### [Provided information]

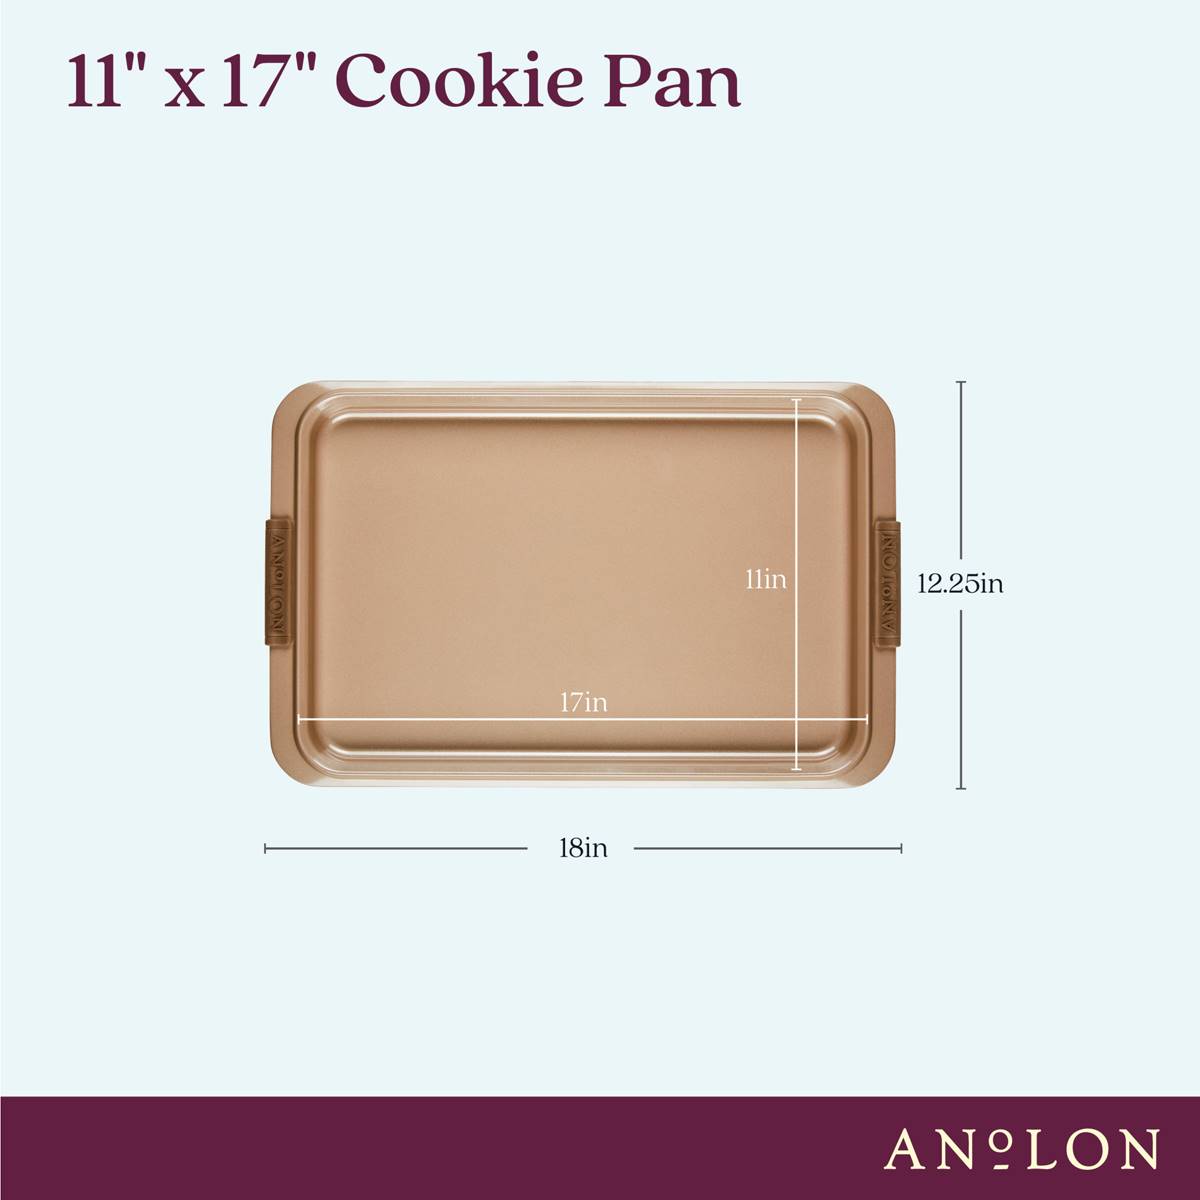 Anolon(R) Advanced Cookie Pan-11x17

---

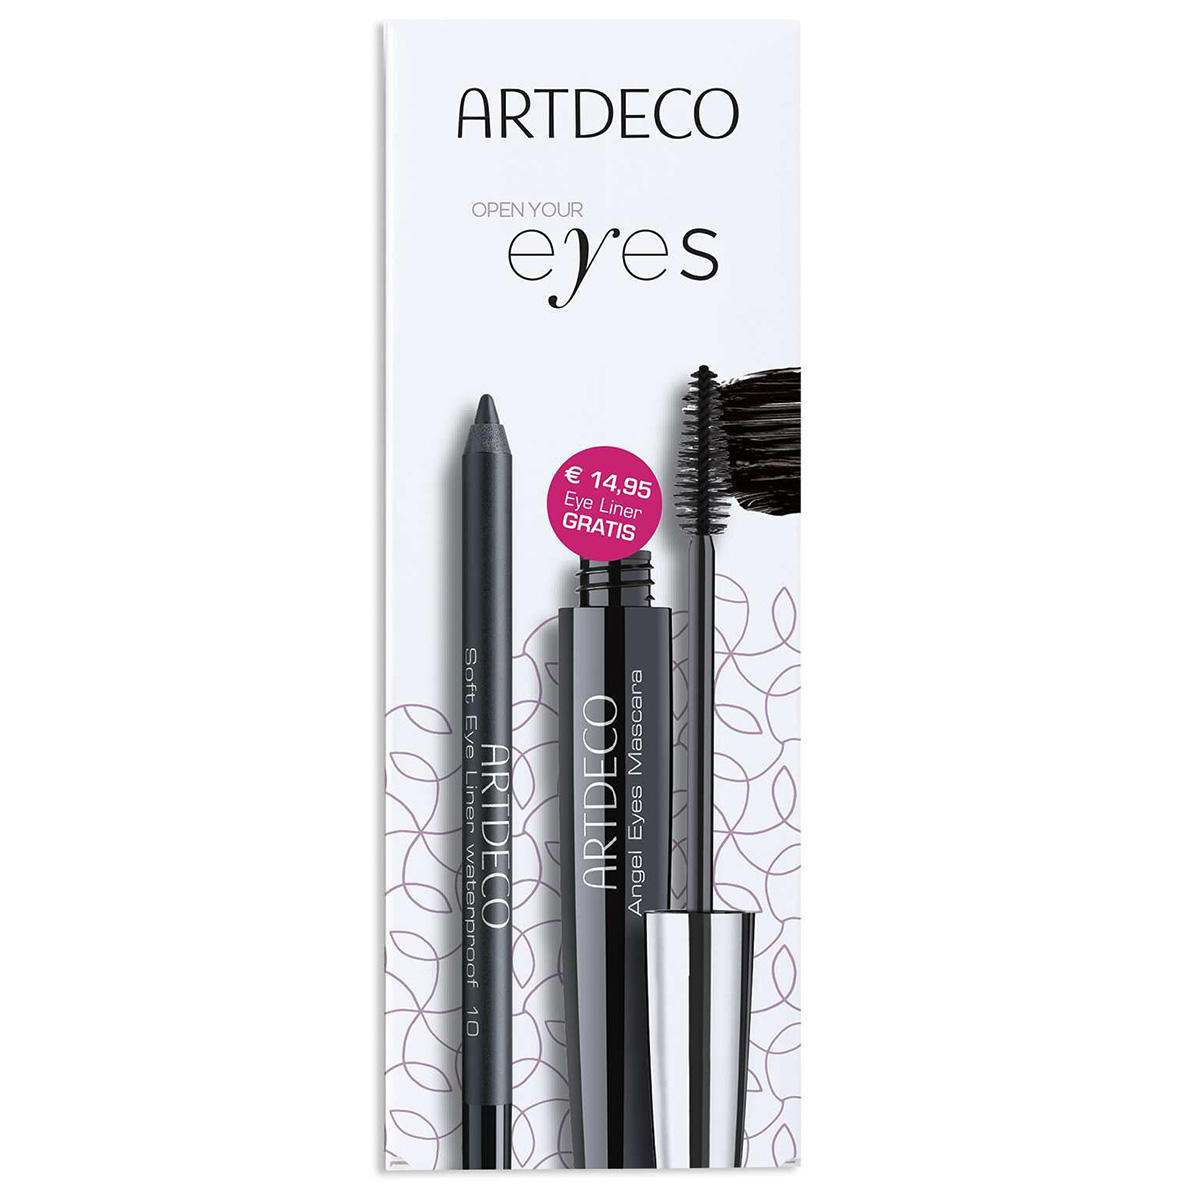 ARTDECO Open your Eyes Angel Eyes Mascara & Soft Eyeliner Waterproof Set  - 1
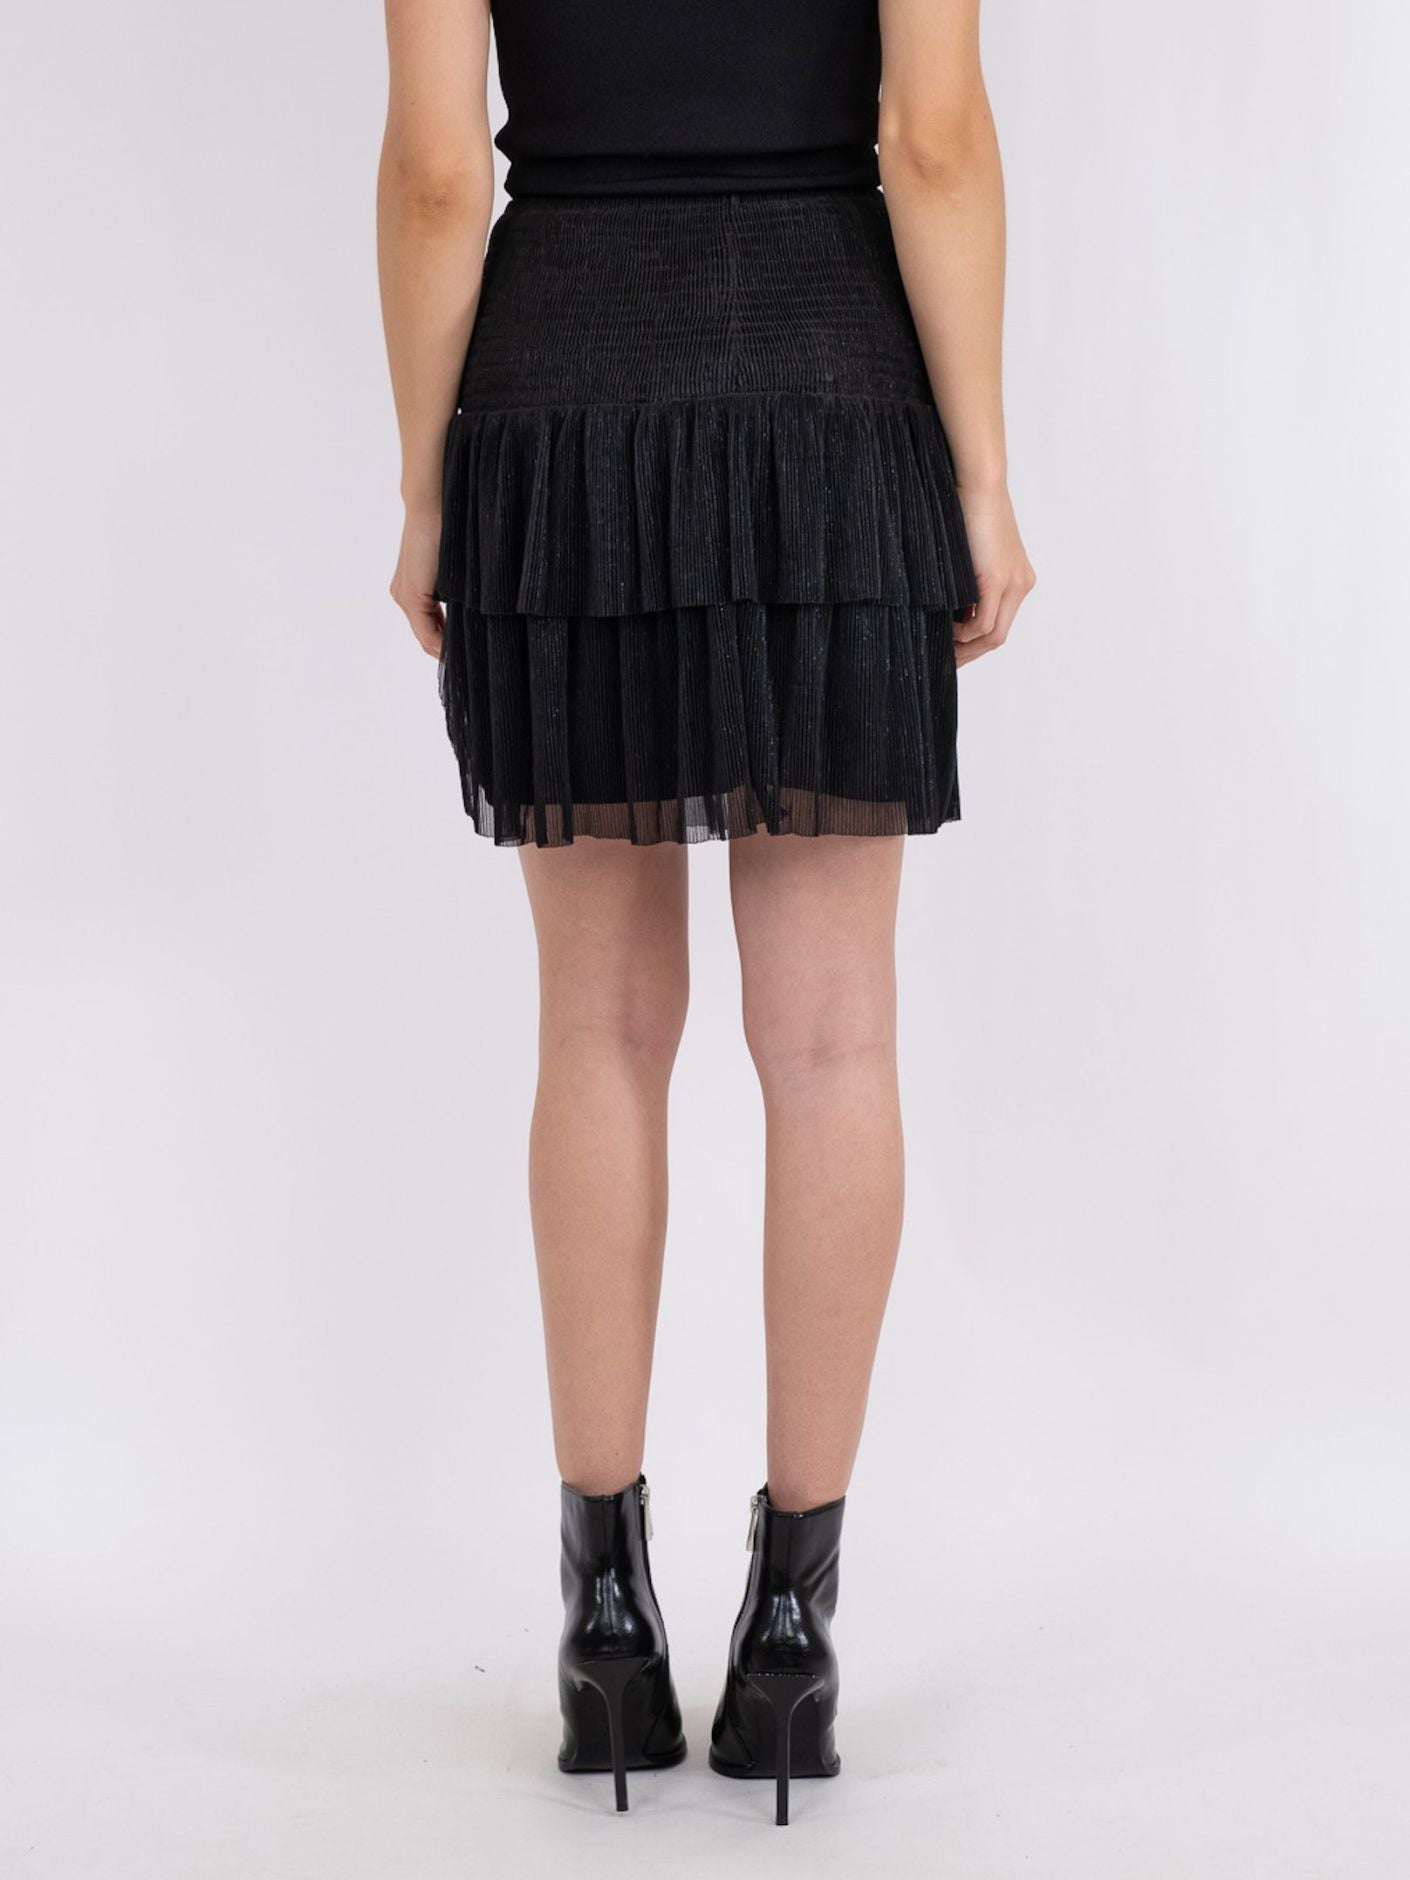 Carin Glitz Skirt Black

==

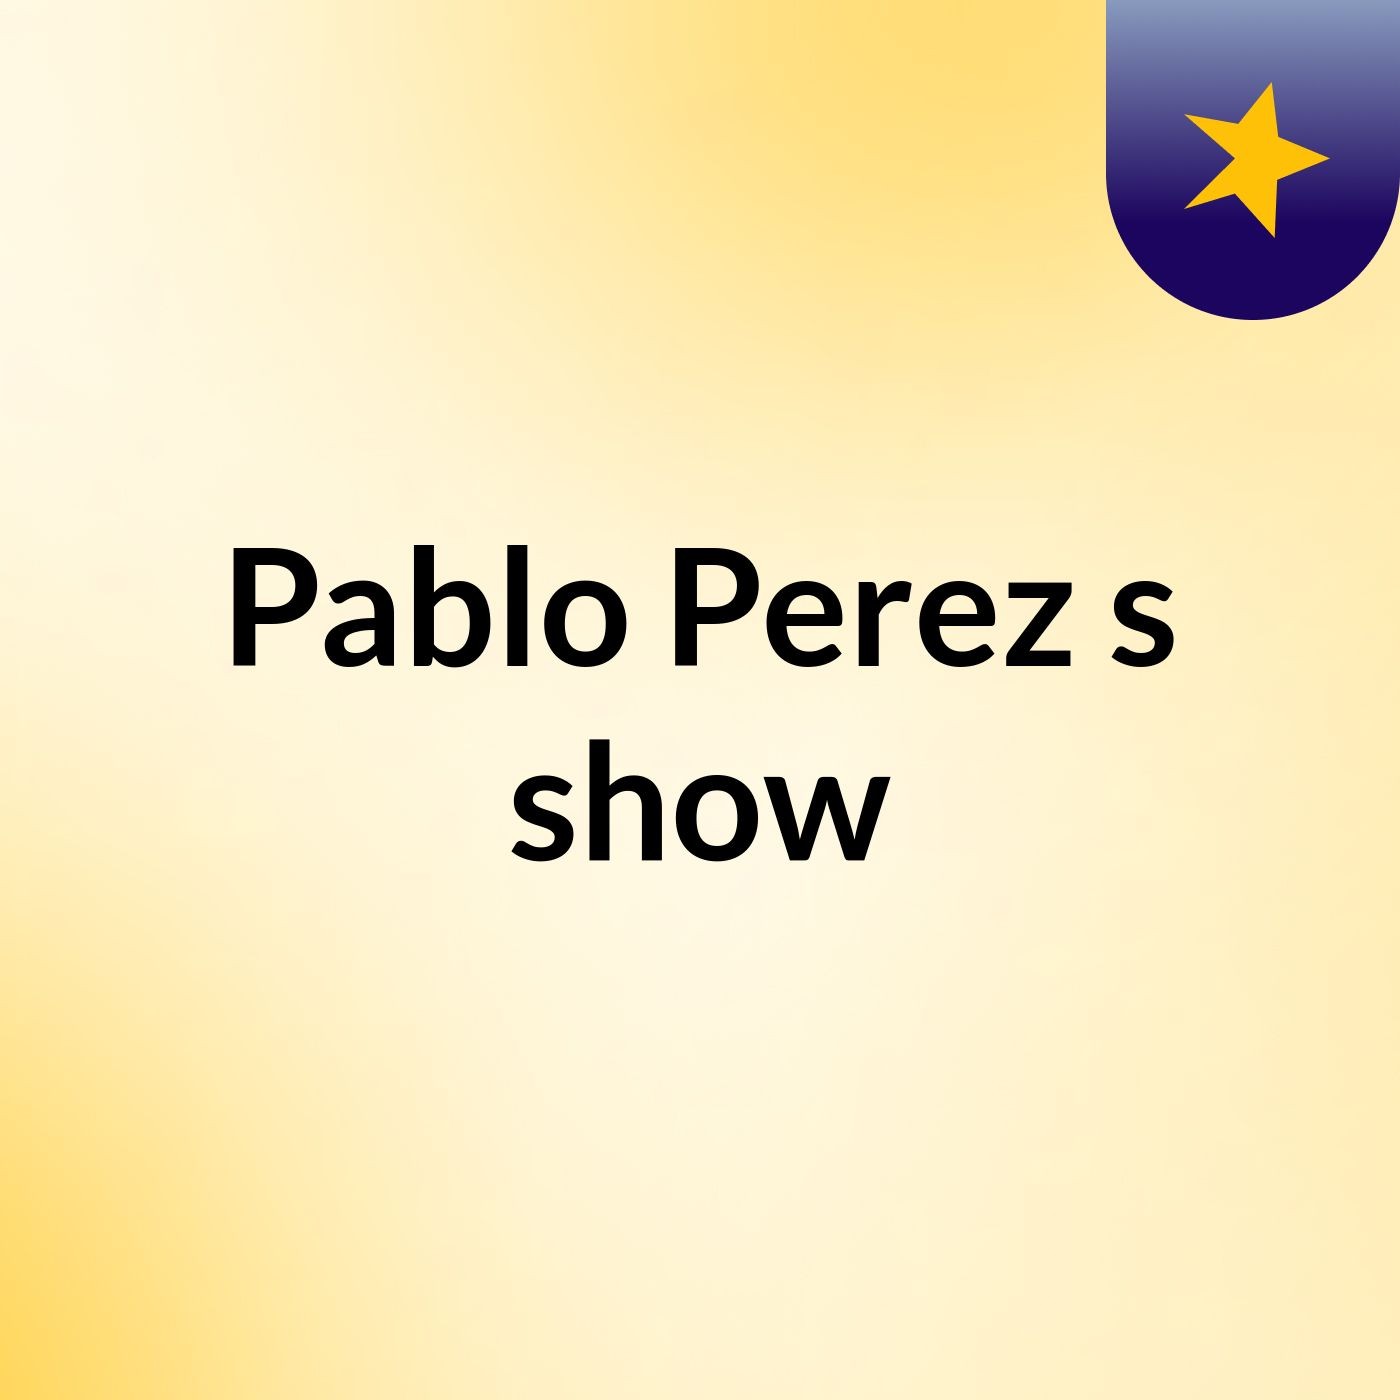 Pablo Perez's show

### [Exercise requirements]
Transcribe, word for word, the lines of the listing above from the one that contains "ARTDECO Open your" through the one that contains "Carin Glitz Skirt Black", keeping both ends and dropping the pictures.

### [Answer to this task]
 ARTDECO Open your Eyes Angel Eyes Mascara & Soft Eyeliner Waterproof Set  - 1
 Carin Glitz Skirt Black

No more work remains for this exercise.